Restaurant in London, England

Zafferano is a restaurant in London, originally run by Giorgio Locatelli on behalf of A–Z Restaurants until 2005. The restaurant was awarded one Michelin star in 1999, which it held until 2012.

==History==
Zafferano was opened by Locatelli in February 1995 in Knightsbridge, London. Its name comes from the Italian for saffron. The location had previously been a fish restaurant, but under Locatelli the new restaurant served Italian food. The major investor in the restaurant was Claudio Pulze, who owned the restaurant through his company A–Z Restaurants. Locatelli's pay was based on a percentage of the overall performance of the restaurant.

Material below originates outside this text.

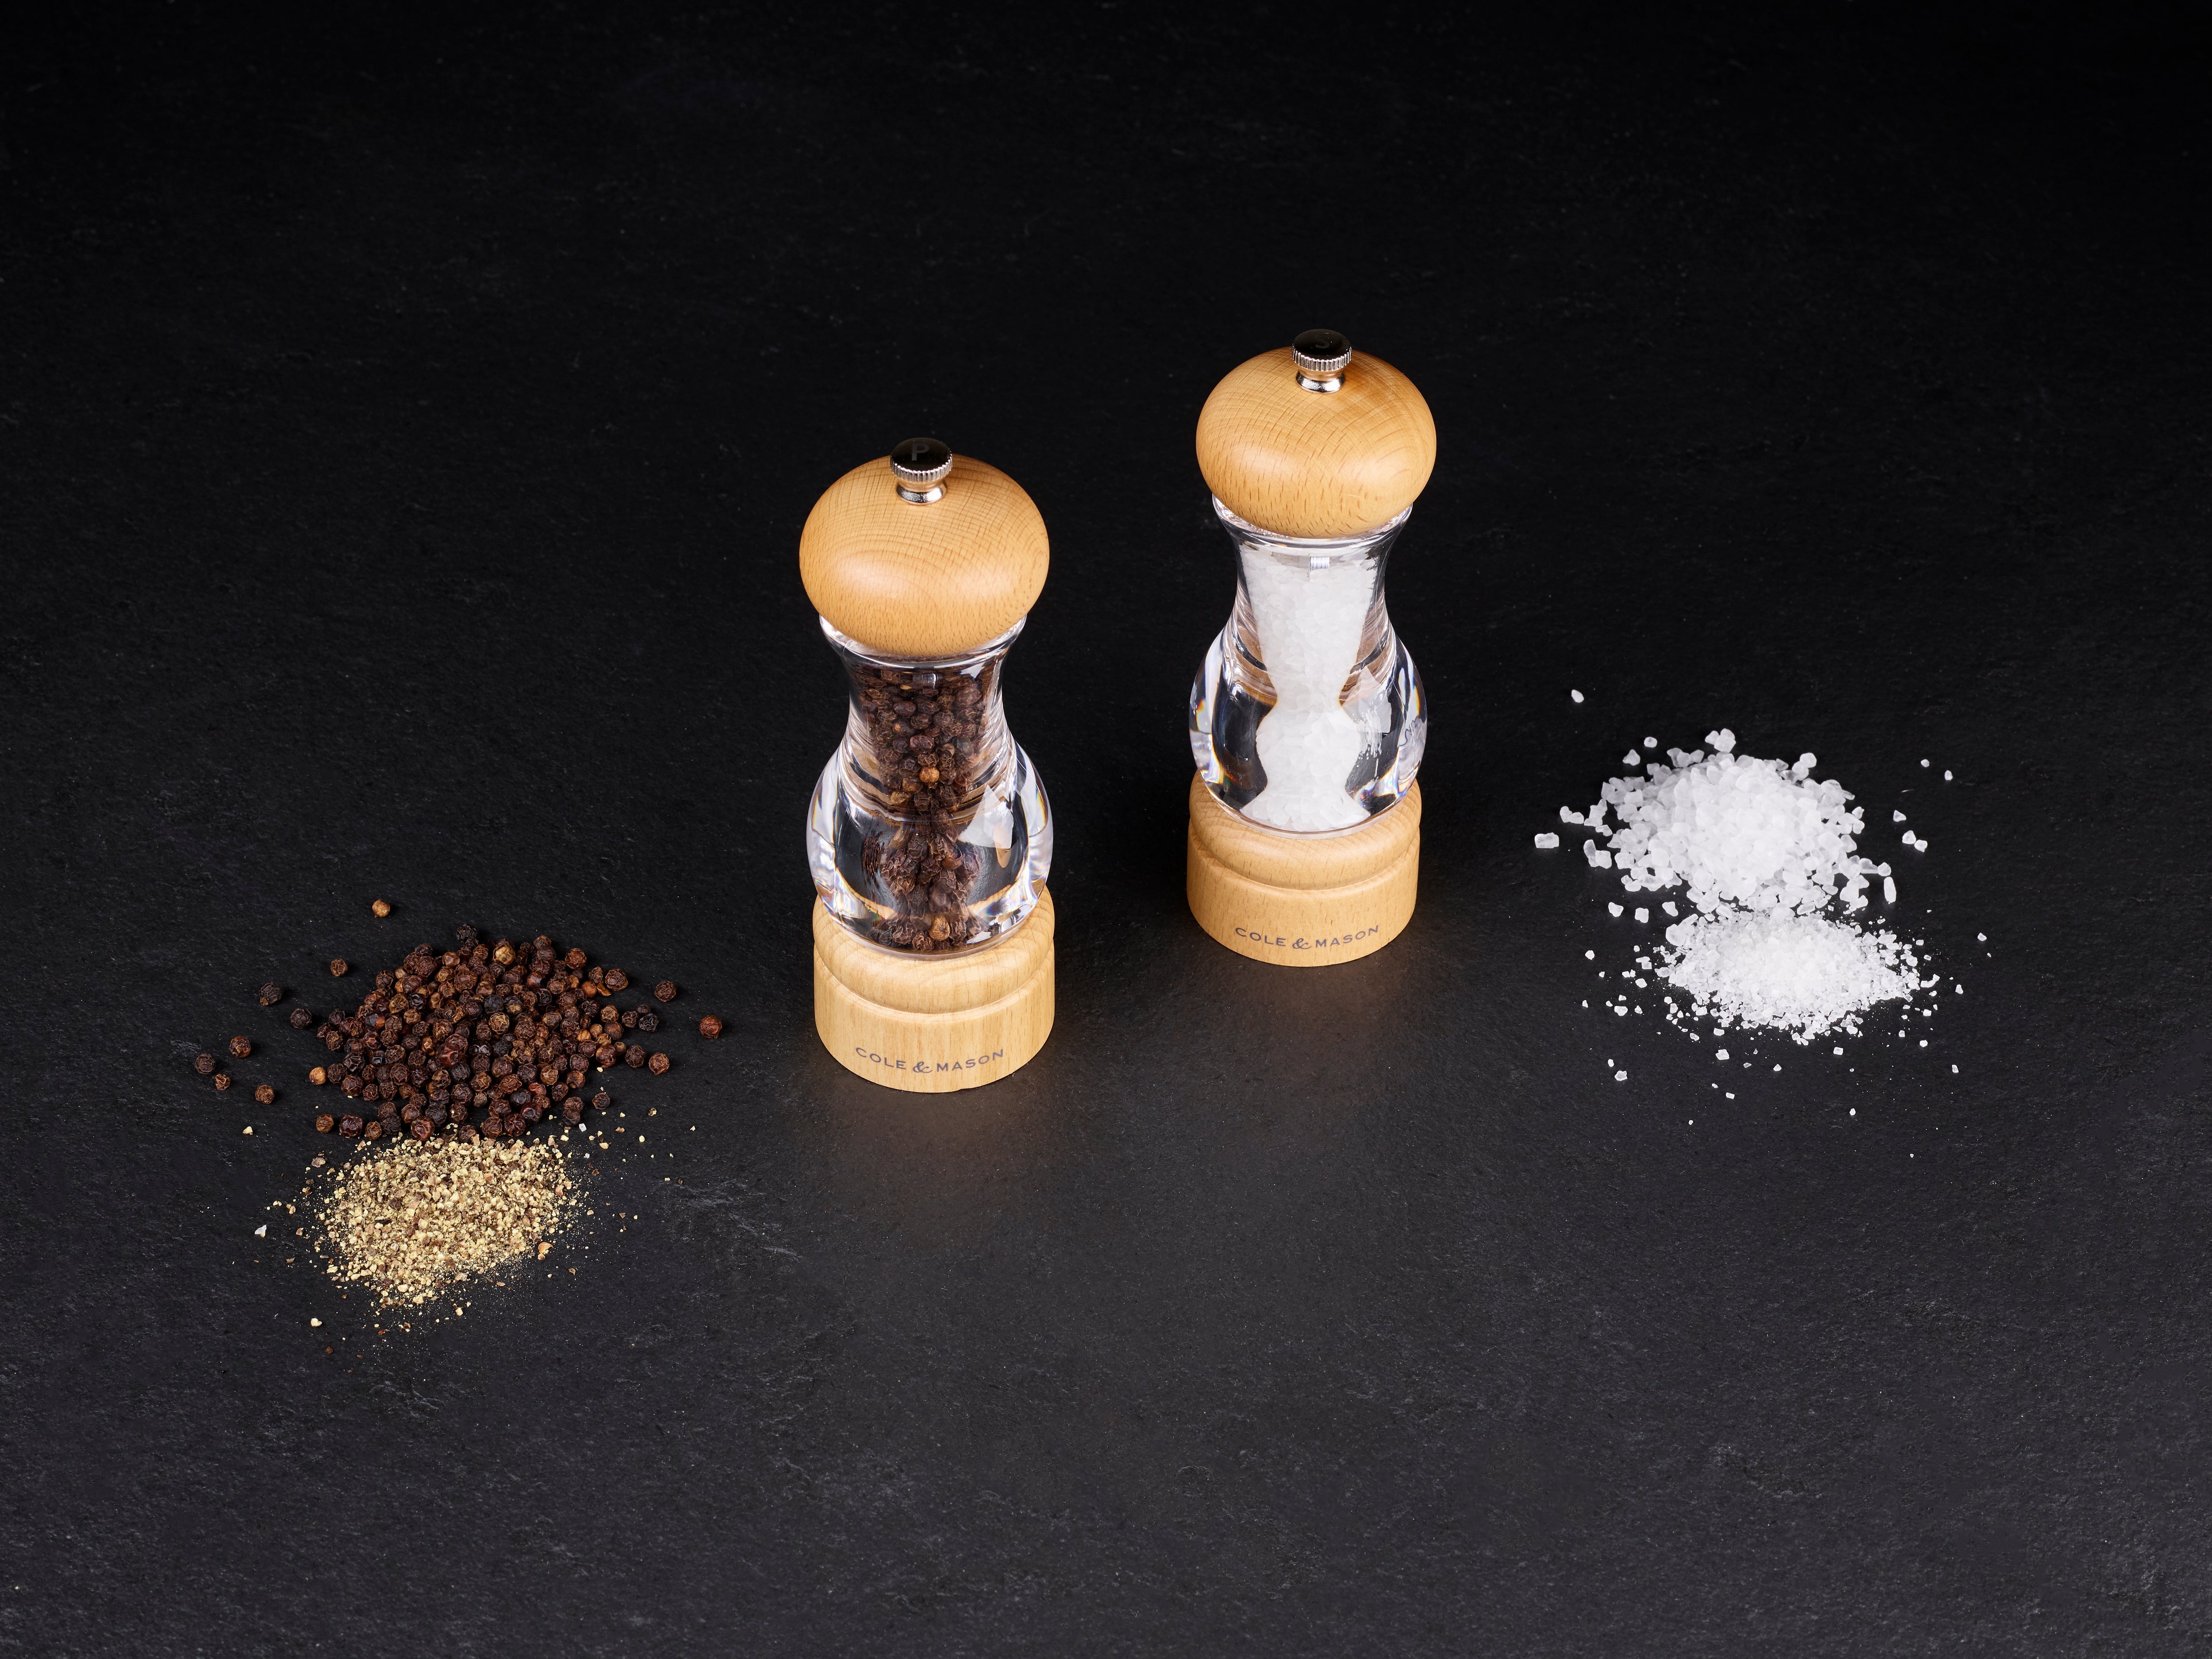 Peppermate Salt and Pepper Grinder Set, Spice Up Your Cooking, 2 in 1 Combo Salt and Pepper Grinder, Stainless Steel Body, Adjus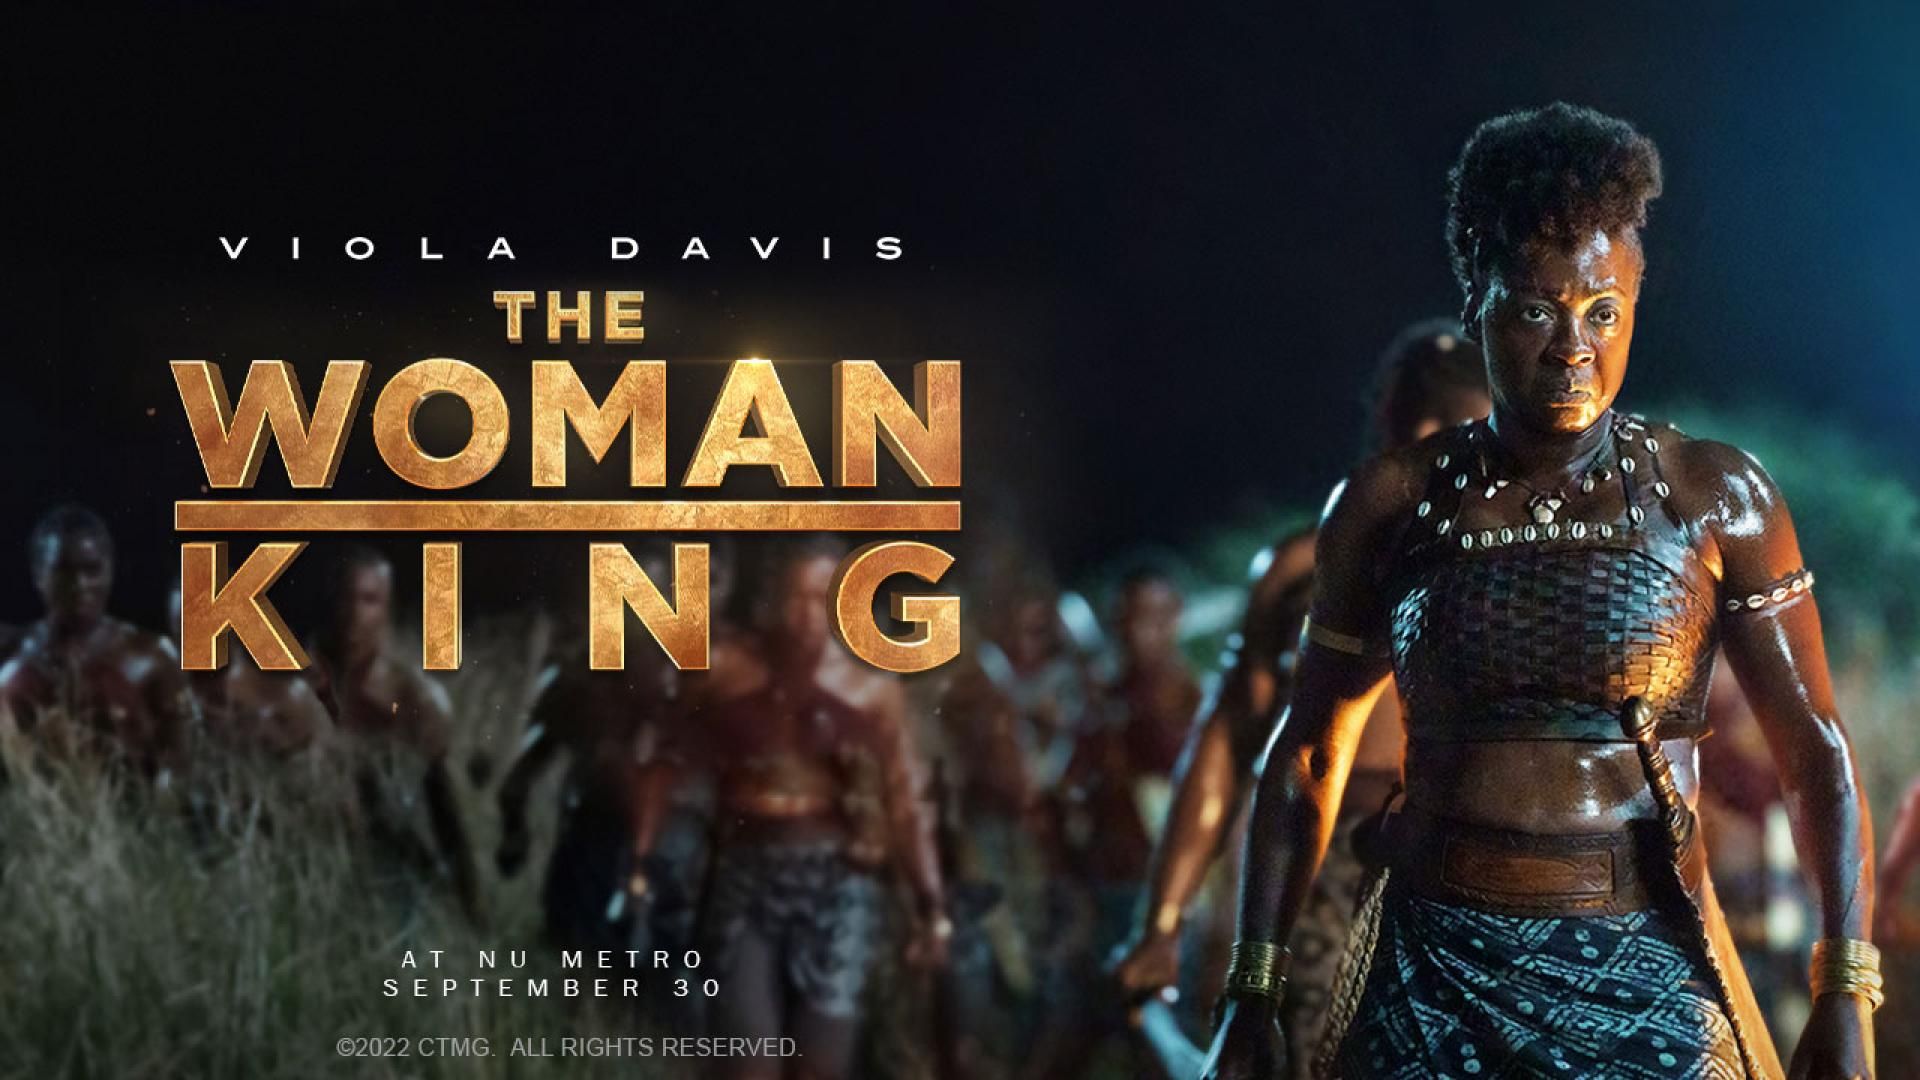 True Story Behind The Woman King Movie - Douglas Wilkins News

The restaurant was awarded a Michelin star in the list published in 1999. Locatelli was named the Outstanding London Chef of 2001 at the London Restaurant Awards, but shortly afterwards left the restaurant following disagreements with new head of A–Z Restaurants, Giuliano Lotto. Andrew Needham took over as head chef, having previously been Locatelli's sous chef.

After A–Z Restaurants went into administration in November 2004, Locatelli said that he was interested in purchasing Zafferano. The group, including Zafferano, was sold back to Claudio Pulze with a new partner, John De Stefano. In 2007, Pulze sold his share of the company to De Stefano. The restaurant expanded during the same year and opened a delicatessen.

==Menu==
The restaurant's menu is influenced by the previous restaurants at which Locatelli worked, including The Savoy Hotel and at Olivo, where the menu was centred on Italian peasant foods. It was initially launched with a series of set price menus, with the idea that the menus would be changed on a monthly basis, and the dishes avoid using butter as an ingredient. Only one dish in the original 1995 menu was served with butter — a dish of pappardelle pasta with chicken livers and sage.

Desserts have included strawberries drizzled with 60-year-old balsamic vinegar. The signature dessert is a tiramisu served inside a tuile.
Although saffron fibres are woven into the covers of the bill cover, the process was too expensive to repeat for the covers of the menus. Between 1997 and 2005, the average cost of a meal at the restaurant increased by 65%, from £34 to £56.

==Reception==
Matthew Norman, writing for The Daily Telegraph in 2003, described it as "one of the best restaurants around", although he did criticise the attitude of its staff. In 2013, Time Out wrote that Zafferano "has some way to go to rediscover its glory days". It was awarded three AA Rosettes in 2009. In 2011, the restaurant was named 55th in the list of the top restaurants in the UK by The Good Food Guide.